Guarulhos, SP - Os Estados-membros da OMS (Organização Mundial da Saúde) concordaram nesta quarta (1º) em lançar uma negociação para formular um tratado internacional voltado para o controle de futuras pandemias. O acordo para fortalecer as medidas de mitigação a crises sanitárias deve estar pronto em maio de 2024.

A natureza jurídica do documento, porém, já é tema de divergência. Enquanto a União Europeia (UE) e outras 70 nações pressionaram por um pacto de efeito vinculativo - com os países sendo obrigados a seguir o que for decidido em seu âmbito -, membros como Brasil, EUA e Índia, alguns dos mais afetados pela pandemia, relutaram em se comprometer, de acordo com relatos de diplomatas à agência Reuters.

A embaixadora Lotte Knudsen, chefe da delegação do bloco europeu em Genebra, argumentou em comunicado que o documento precisa ser ambicioso, o que só pode ser alcançado por meio de um compromisso multilateral e um instrumento juridicamente vinculativo.

Para Deisy Ventura, professora de saúde pública e direito internacional da USP (Universidade de São Paulo), a decisão é um passo importante, mas que deveria ter sido dado há muito tempo. "Quando a comunidade internacional tem vontade política, acordos são firmados em meses; quando não tem, são estabelecidos em anos."

Além da natureza do acordo - se terá ou não teor vinculativo -, Ventura salienta que mecanismos de controle e punição devem ditar o peso real do tratado.
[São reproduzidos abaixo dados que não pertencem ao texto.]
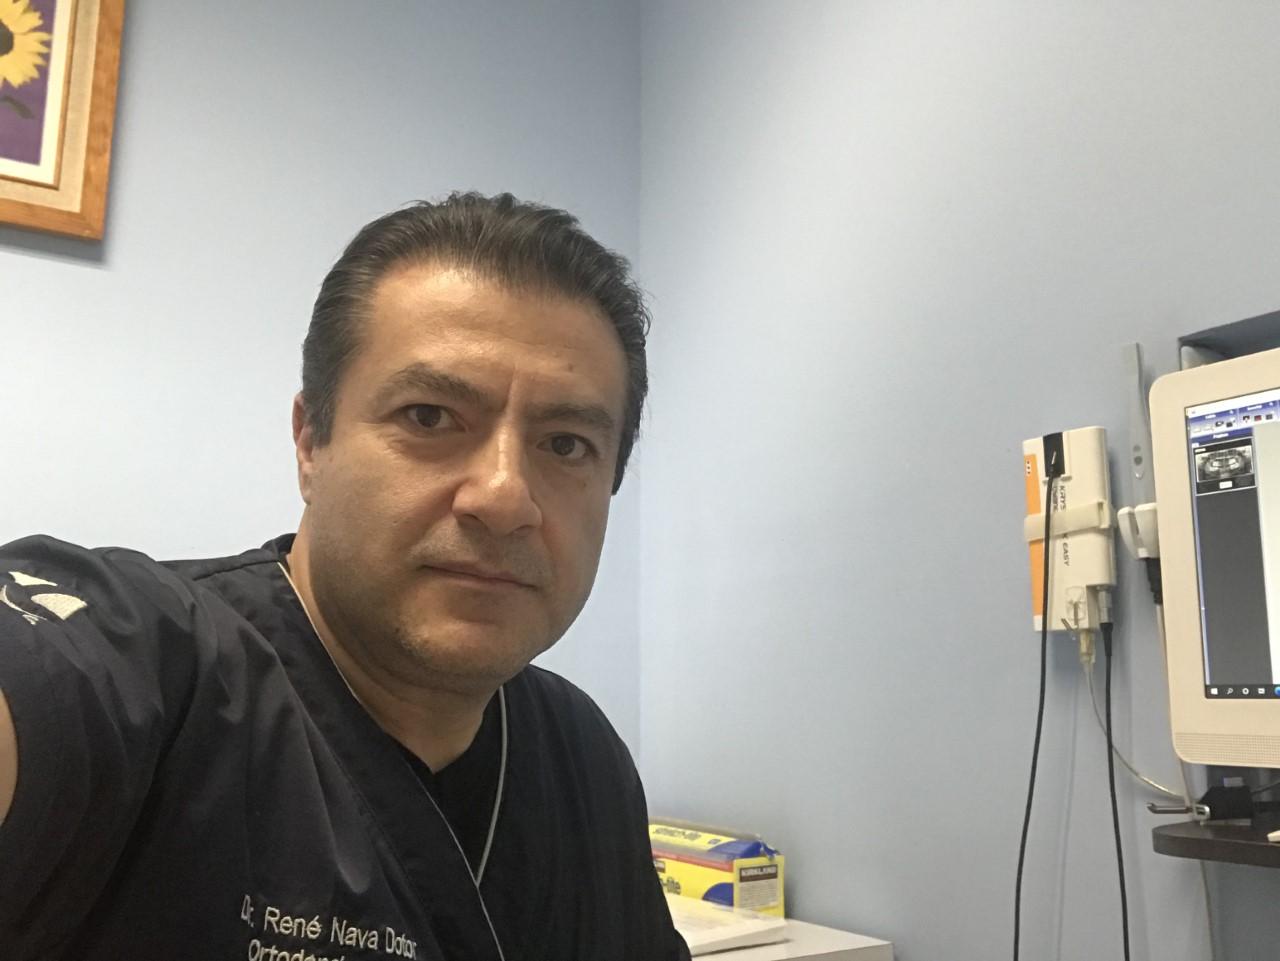 DentaClinicas
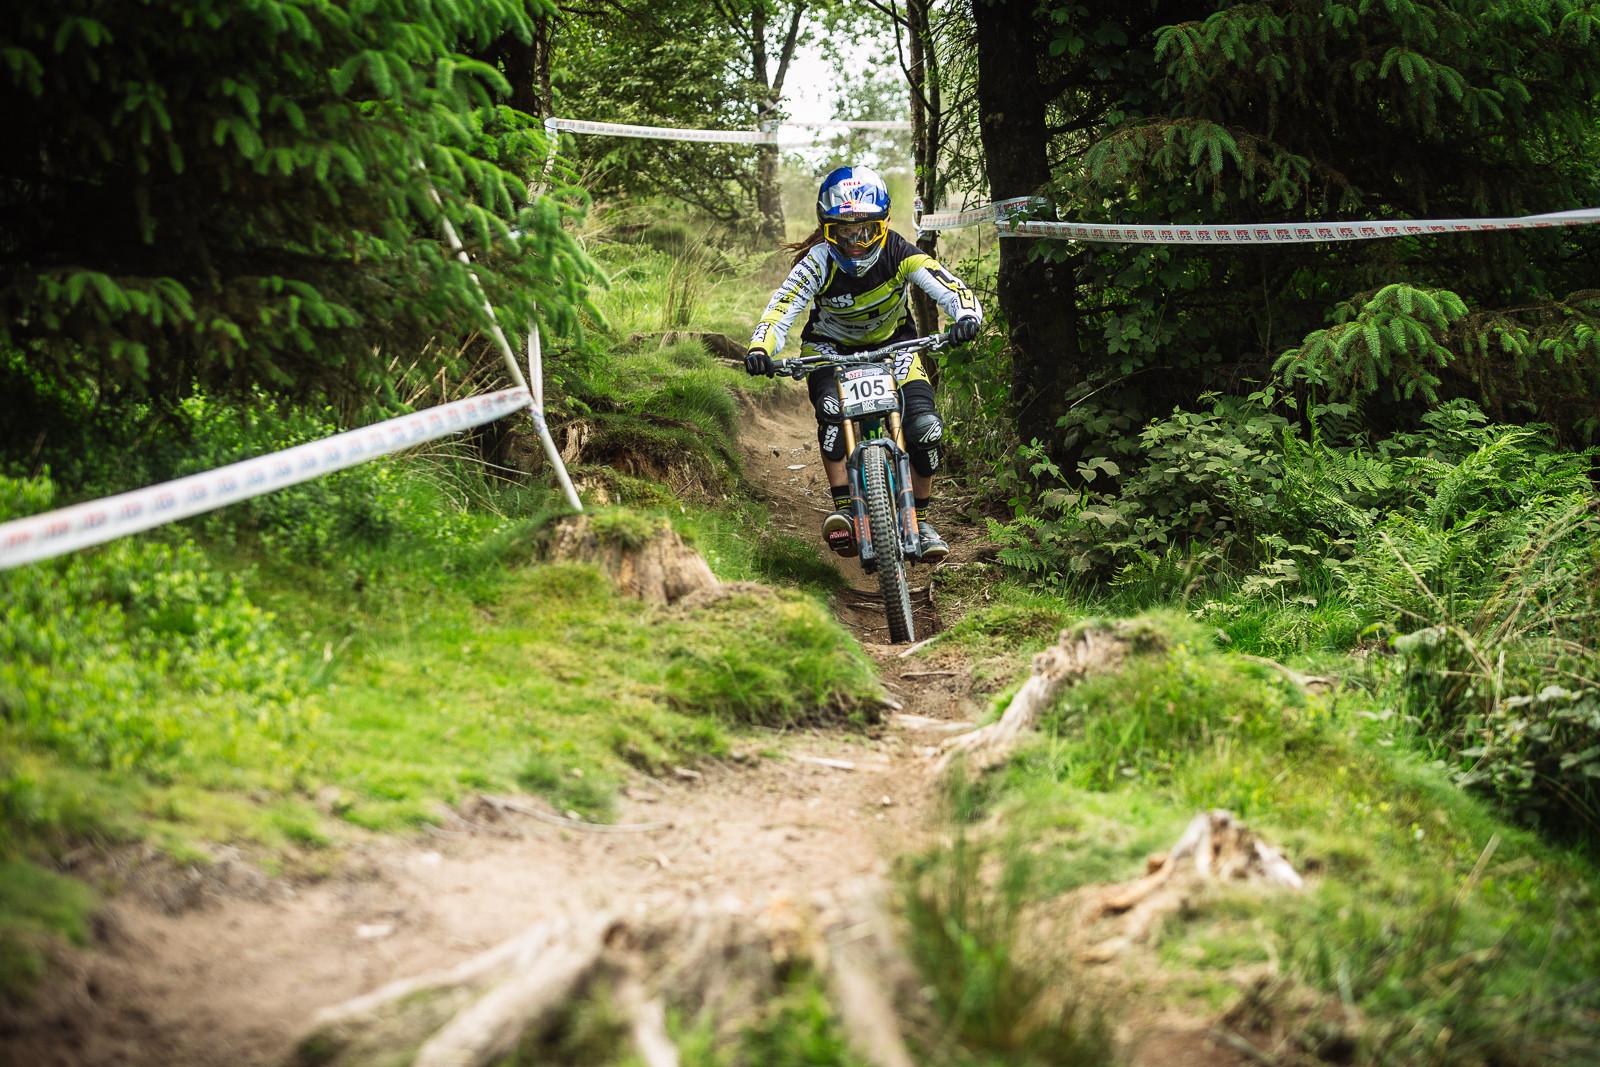 Rachel Atherton, 1st Place, British DH Series, Bala - RACE REPORT - 2015 British Downhill Series Bala - Mountain Biking Pictures - Vital MTB

Sem medidas que constranjam nações que descumprirem o que for estabelecido, o documento perde força, diz.

E o mecanismo pode vir por meio de duas vias: tanto a da punição - Estados que desrespeitarem o acordo poderiam ser excluídos de processos decisórios da OMS, por exemplo - quanto a do incentivo - como oferecer linhas de financiamento a países que seguirem as determinações.

Torna-se preciso, porém, assegurar a chamada "geometria variável", de modo que países desenvolvidos e com sistema de saúde robustos e nações em desenvolvimento ou envolvidos em conflitos domésticos, por exemplo, não recebam o mesmo tipo de constrangimento, destaca a especialista.

Ainda que com reservas ao efeito vinculativo, os EUA, líderes mundiais em números absolutos de mortes por Covid, saudaram o acordo, dizendo tratar-se de um passo importante na responsabilidade coletiva para tornar o sistema de saúde global mais forte e ágil. Já a Austrália, por meio da embaixadora Sally Mansfield, disse que o texto foi produto de compromissos e francas discussões.

Enquanto o tratado oriundo da decisão apelidada de "The World Together" (o mundo junto) não for finalizado, os 194 Estados-membros da OMS deverão respeitar o Regulamento Sanitário Internacional, documento aprovado em 2005 que, entre outros pontos, obriga os países a alimentarem um sistema de informações sanitárias para diminuir o tempo de resposta em uma emergência.